My turn-off-the-nuclear-reactor-of-my-love-life experiment is fourteen days strong, and I haven’t texted an ex or swiped right.
Hell, I killed my Tinder account.
I deleted all my exes’ contact info from my phone.
Total reboot. Clean fucking sweep.
But now the real work begins.
No matter how good my best friend’s sister looks, smells, or feels with her arm linked through mine, I won’t move her from the friend zone to the I-am-dying-to-take-you-to-bed-tonight zone.
But standing next to her is an unexpected test of my Ladies’ Men Anonymous resolve.
With each step down the aisle, my mind narrows to thoughts of her.
She smells like . . . a whispered moment, like the hint of a kiss.
And it’s going to my head.
The faint scent of something tropical, a juicy mango or a lush flower, is tickling my nose, teasing my senses.
To make matters harder, she looks like a jewel. That sapphire dress hugs her lithe body in all the right places, while letting my overactive imagination do its favorite thing—picture what’s underneath that material.
Halfway down the aisle, she steals a quick glance my way, her eyes flashing me a smile under her lashes, as she hooks her arm more tightly through mine.
My heart pounds a little harder.
How can one person look this good, smell this good, feel this good?
I have no answers.
We reach the justice of the peace, and I breathe a quiet sigh of relief as we fan to opposite sides—me with the groom, her with the bride.
Thank fuck for the ceremony.
The vows and promises will take my mind off the sensory overload in my body.

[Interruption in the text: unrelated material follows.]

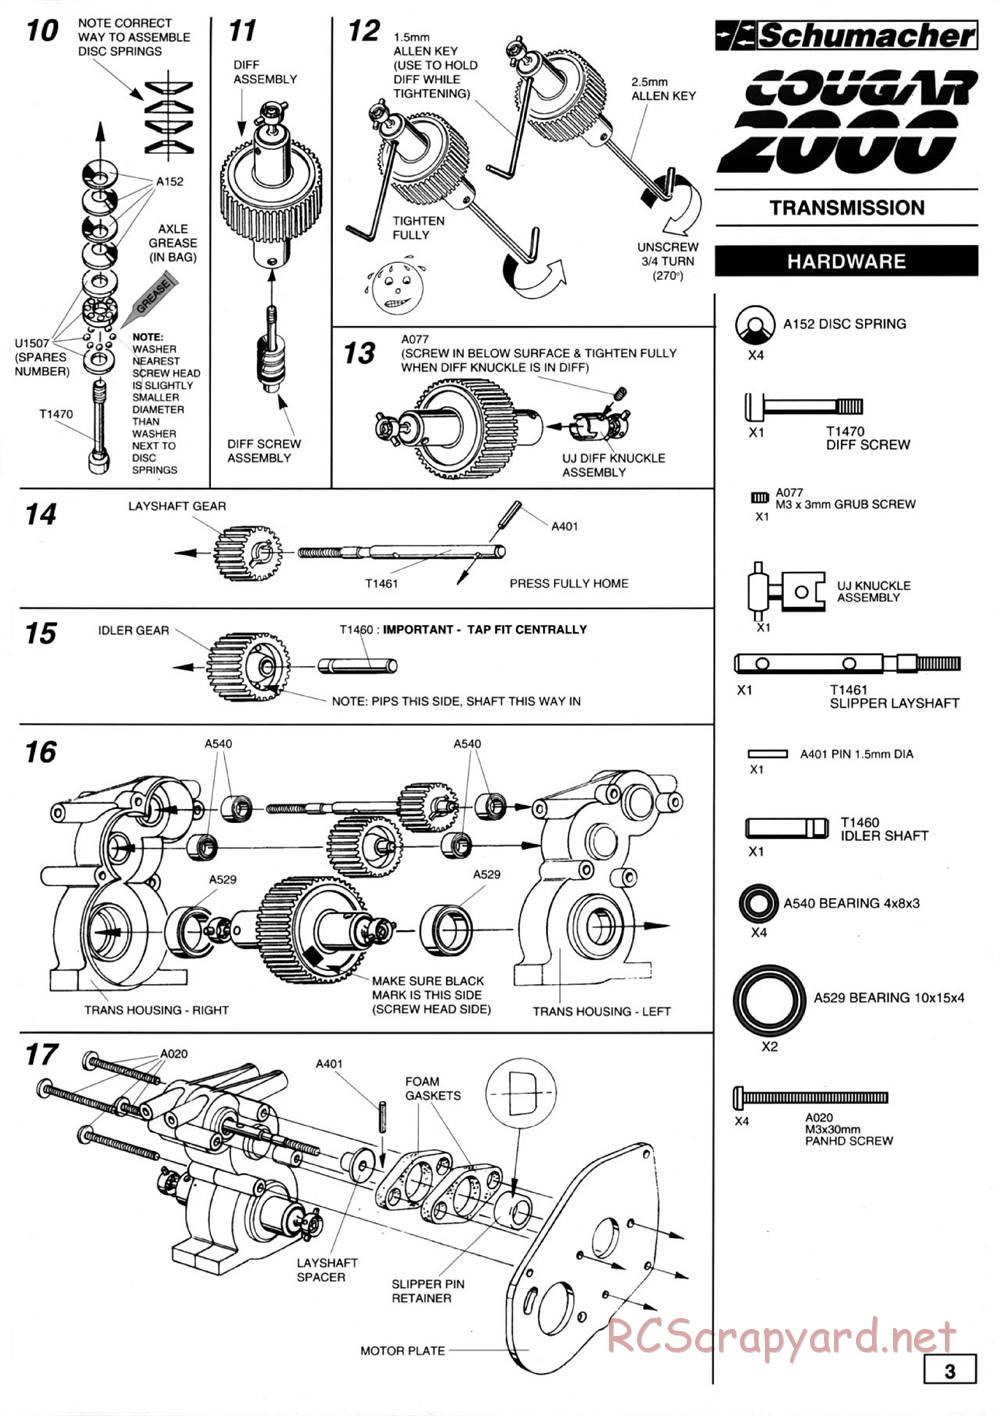 Schumacher - Cougar 2000 - Manual - Page 5

But that’s easier said than done.
As the justice of the peace speaks, my mind wanders, tripping back in time, making a few quick stops along the way at the LGO Excellence in Sports Awards Gala last year, at the Sports Network Awards the year before, at a local hospital’s big fundraiser for pediatric cancer a few years back. All these events where I’ve chatted with her, shared a joke or a drink.

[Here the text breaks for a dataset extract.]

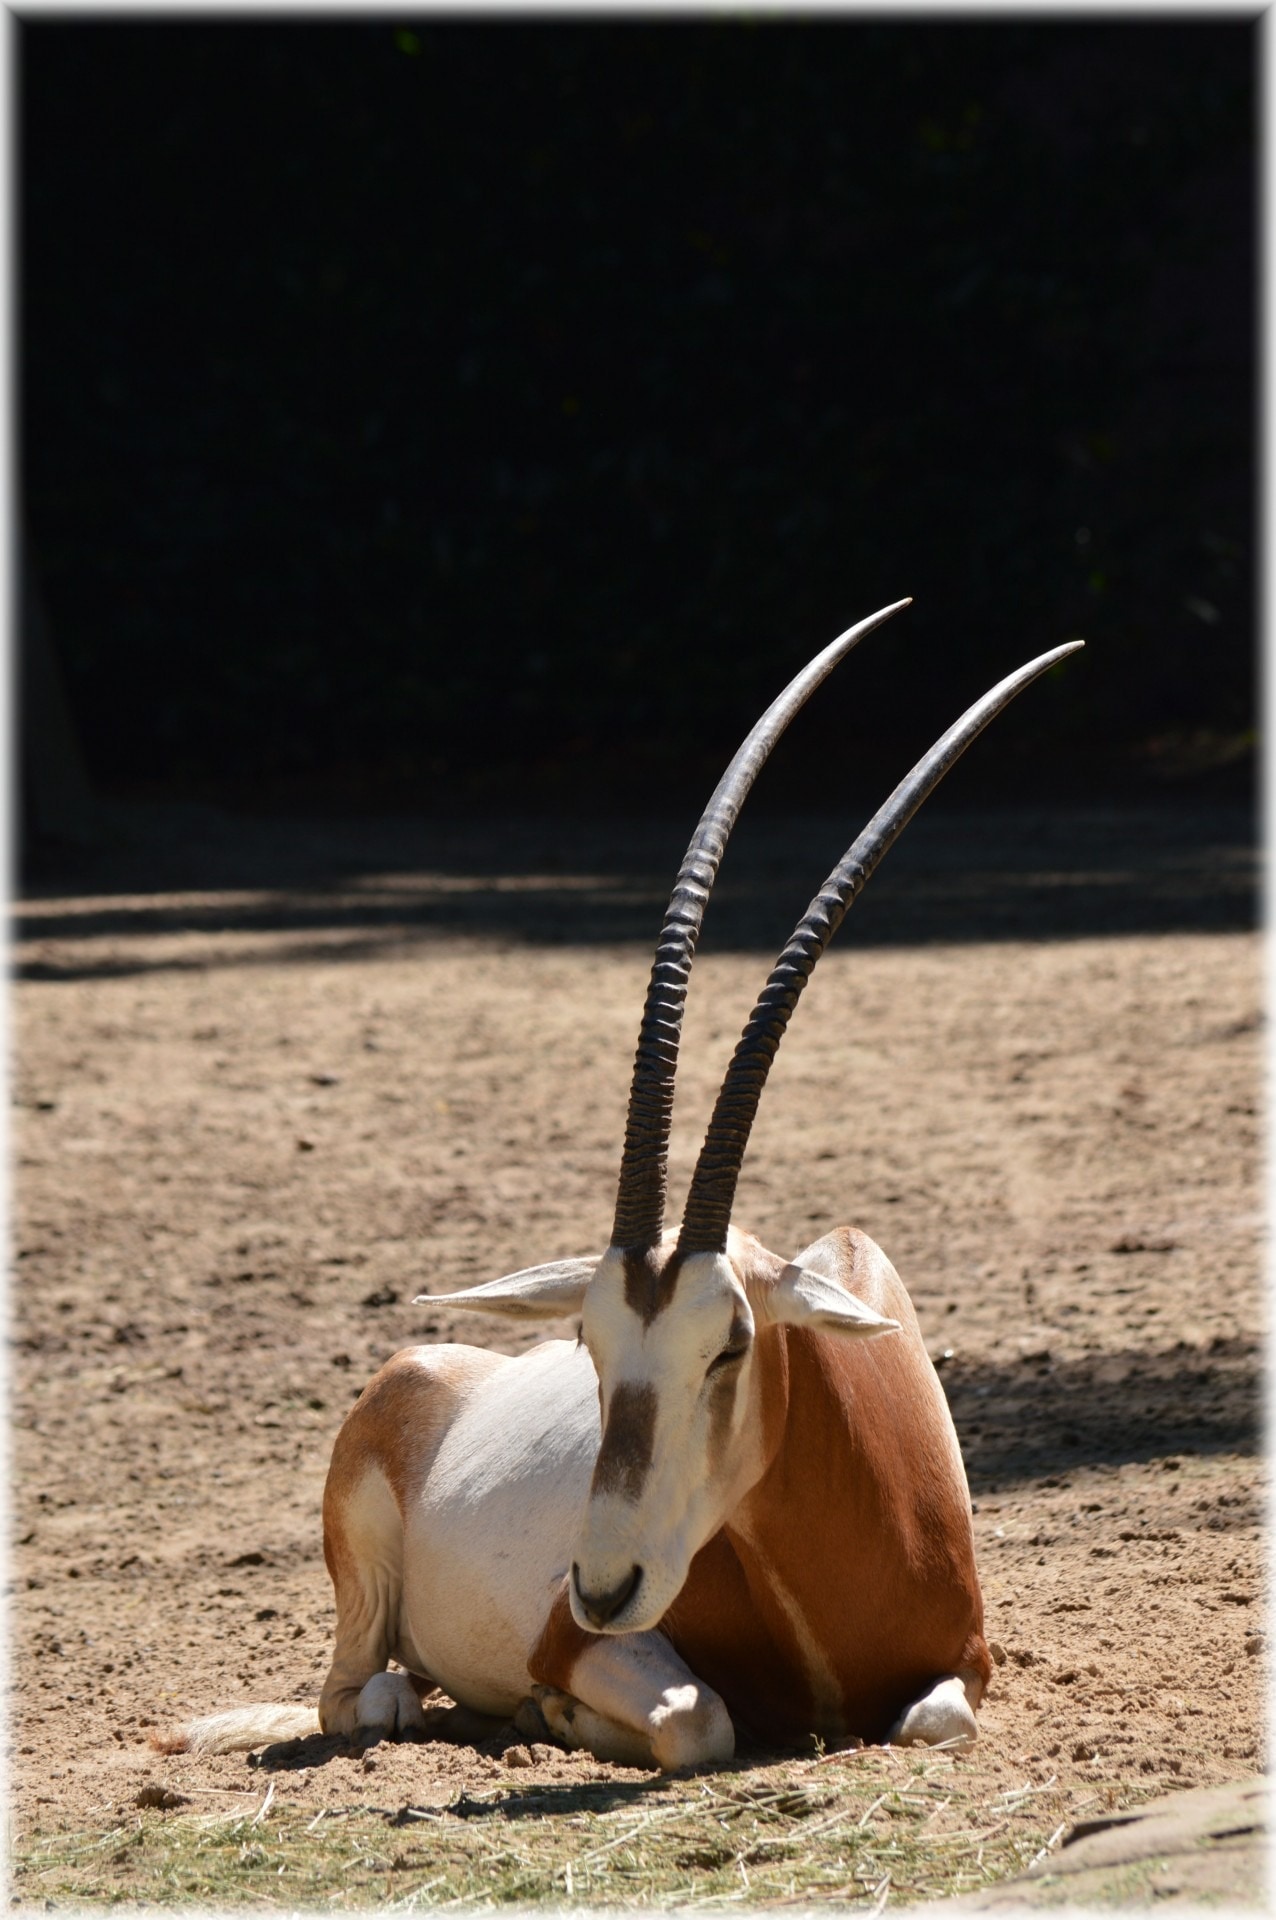 Antelope, Scimitar Oryx, Grass, Bushes, one animal, animal themes

The images of us laughing flicker before me.
As the justice of the peace talks about Eric and Mariana, my mind stretches further, reaches further into the past, landing on Nadia’s senior prom.
I’d just come home from college at the end of my sophomore year to find her going to the dance with Charlie Duncan, a senior too, captain of the debate team and one of those guys who looked like he’d be cast as the best friend in a Netflix Christmas special.